Training a Reinforcement Learning Policy and running it on Bittle Robot
Make Bittle walk without coding in the skill
Happy New Year! I spent some of my time in the holidays trying to train a Reinforcement Learning (RL) policy and apply it to make Bittle walk. I feel that I am still scratching the surface; please expect to see some posts on this topic as I learn the material.
Reinforcement Learning (RL)
RL has a lot of appeal when it comes to training skills to robots. There is an abundant body of literature for training an RL policy for quadruped robots. Papers I have read include this and this. RL is popular because it enables the user to think in terms of a reward function, which represents the action that the user is seeking from the robot, instead of thinking about controlling robot servos for each individual degrees of freedom that the robot may have.
Specifically for the Petoi Bittle robot, there is a great thread on how to train a RL policy for Bittle in the Petoi user forums. I learned all that I needed to train a RL policy for Bittle on this thread. I have also previously written a detailed post on some of the more technical details of RL, including how the stuff internally works here.
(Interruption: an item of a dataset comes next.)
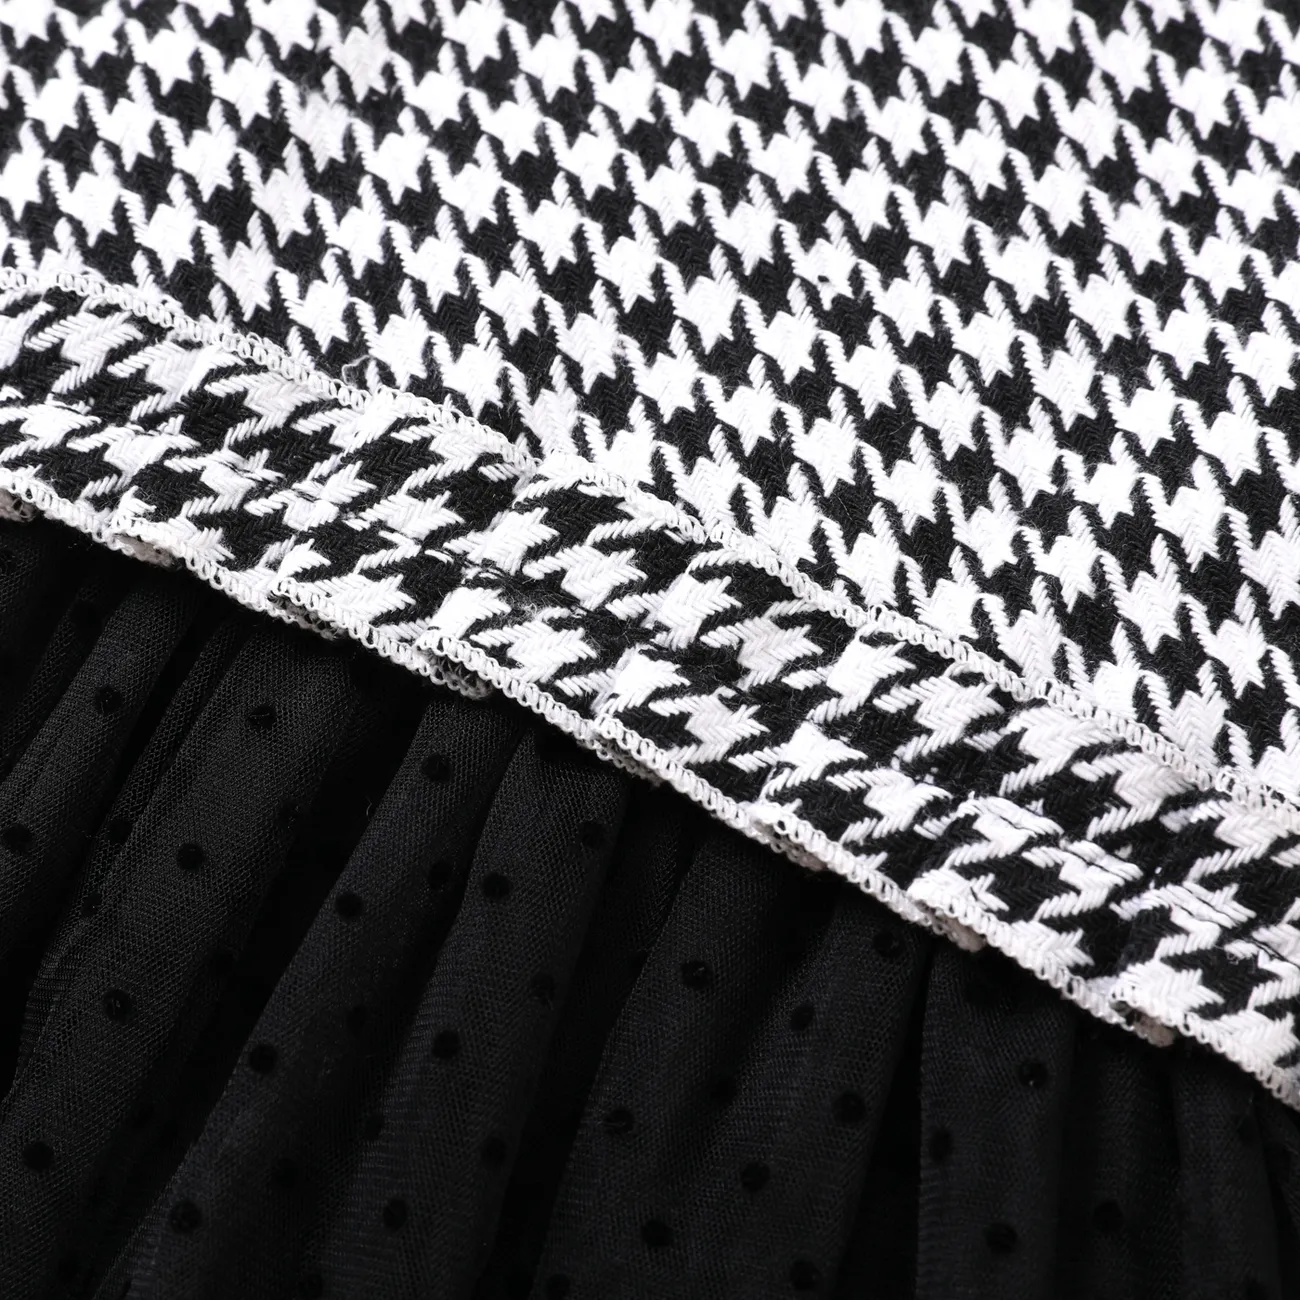 طقم فستان أطفال من قطعتين كارديجان منقوش بأكمام طويلة مع فستان شبكي توتو أسود / أبيض big image 1

This article is a bit different and will mainly document the steps I had to take in the endeavour of training my own RL model from scratch (in case it is not easy to decipher from the original thread). So here is a list of steps.
Training a RL Model
Things you would need:
A Petoi Bittle robot preferably equipped with a Bi-Board (The original thread author mentions that he tried these steps with Nybble and NyBoard, but my experience is limited to Bittle/Bi-board). You would also need a USB cable to connect your desktop/laptop to Petoi Bi-board.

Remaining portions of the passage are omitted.